If Indian women have anything to cheer about this past week after the news of a public molestation of a girl by a group of men outside a Guwahati nightclub, it is the joint statement by about two dozen women’s groups demanding the resignation of Mamta Sharma as chair of the National Commission for Women (NCW). The provocation is the statement by Ms Sharma, who has hardly distinguished herself in the role she assumed last year, that women needed to be “careful about the way they dress”. She added that incidents like the one in Guwahati were the result of women “blindly aping the West” which was “eroding Indian culture and causing such crimes to happen”. The reason women should feel encouraged is that these protestors, led by the cerebral activist Aruna Roy, come from grassroots organisations that represent women from different walks of life and not just educated working women who may or not be “Westernised”. Their statement that the NCW chief’s comment reflected insensitivity and a poor understanding of women’s issues needed to be made. It indicated, for the first time, a fundamental and realistic recognition of the nature of crimes against women in India and, coming from serious champions of women’s rights — none of whom can be accused of “aping the West” — the message is all the more credible.

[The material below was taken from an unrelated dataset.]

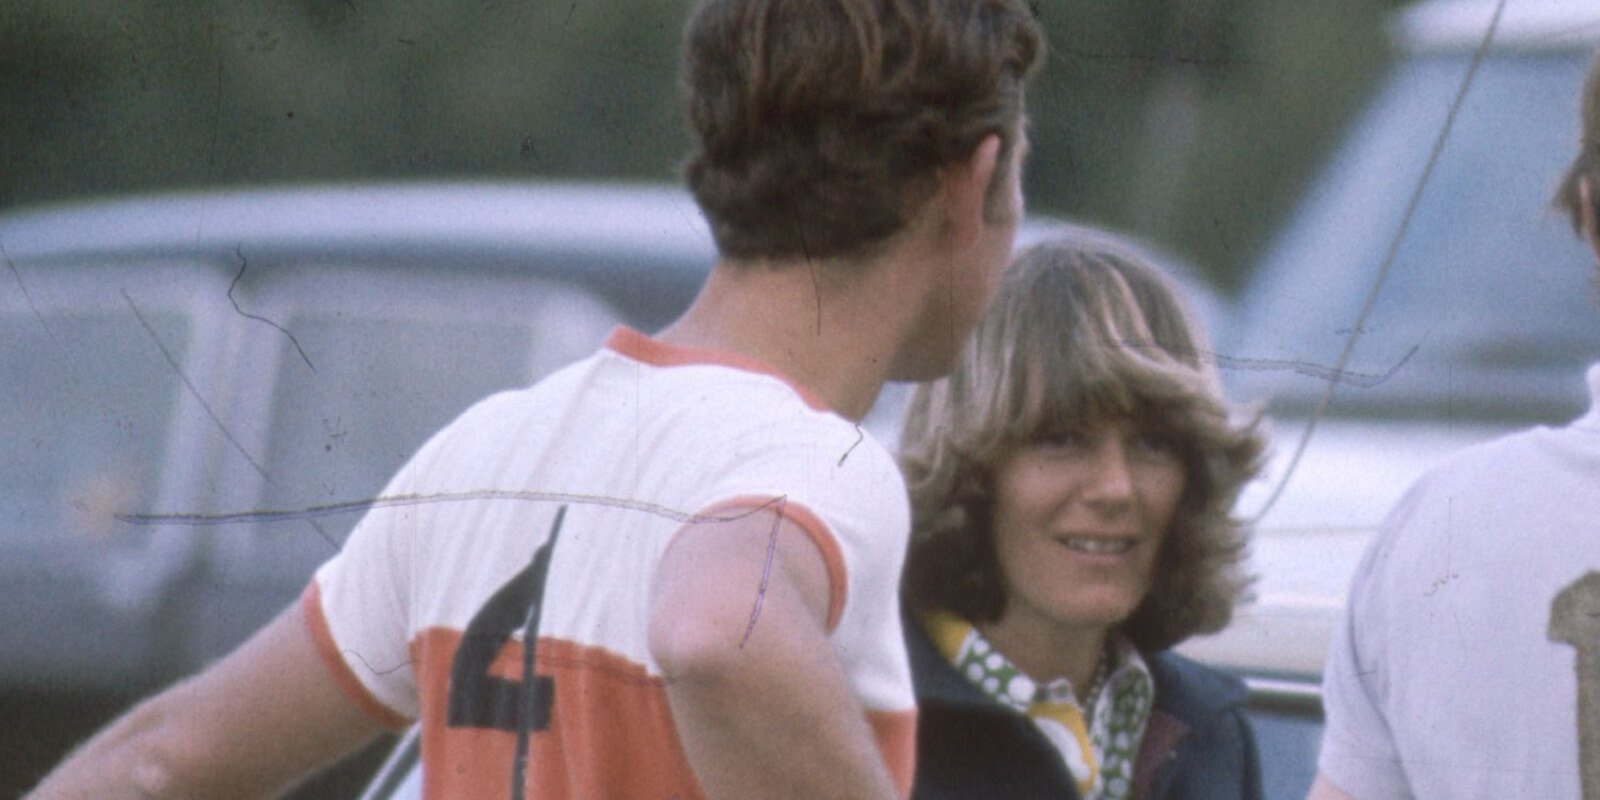 Then-Camilla Shand and Prince Charles at a polo match in 1972.

That’s because the depressing truth is that Ms Sharma’s statement reflects a widely held view that crimes against women are the result of either “provocative” behaviour or the supposedly culturally disconnected style of dress that they adopt. Thus, former policewoman Kiran Bedi robustly advises women to wear loose clothes so as not to provoke men, Delhi Chief Minister Sheila Dikshit deplores the “adventurism” of women who drive late at night and her counterpart in West Bengal questions the motives of a mother of two who visits a nightclub. Statements like these — from women who are professionals in their own right — reinforce the kind of views that get reflected in attacks on women in a Mangalore pub from thugs rejoicing in the name of Shri Ram Sene, or Army of Ram. The “pink chaddhi” movement that followed, in which women from all over India sent the Sene chief Pramod Muthalik lingerie by way of protest may have made him and his goons look silly.
But it did little to turn the spotlight on India’s appalling women’s rights record, an issue that will increasingly come to the fore if India’s economy continues to grow. Crimes like the one in Guwahati and earlier this year in Gurgaon attract media coverage because they represent the new face of emerging India’s rising breed of independent women. But throughout India, day in and day out, millions of women, poor and rich, young and old, are oppressed by men in a variety of ways. It is reflected in the declining sex ratios and the poor human rights indicators for women. Few of these women are “blindly aping the West”. Even fewer are dressing in ways that Ms Sharma deems provocative — especially not minor girls, who are subjected to molestation in depressingly large numbers. Most women’s groups understand that this extreme disempowerment is a serious social issue. But Ms Sharma has an odd view of gender issues and male attitudes. She thinks women should consider it a compliment when they are subject to catcalls of “sexy” and has a low opinion of the West, where women enjoy a level of freedom that their Indian sisters can only envy. Perhaps the uniquely misogynist Indian crime of murders over dowry has escaped her notice.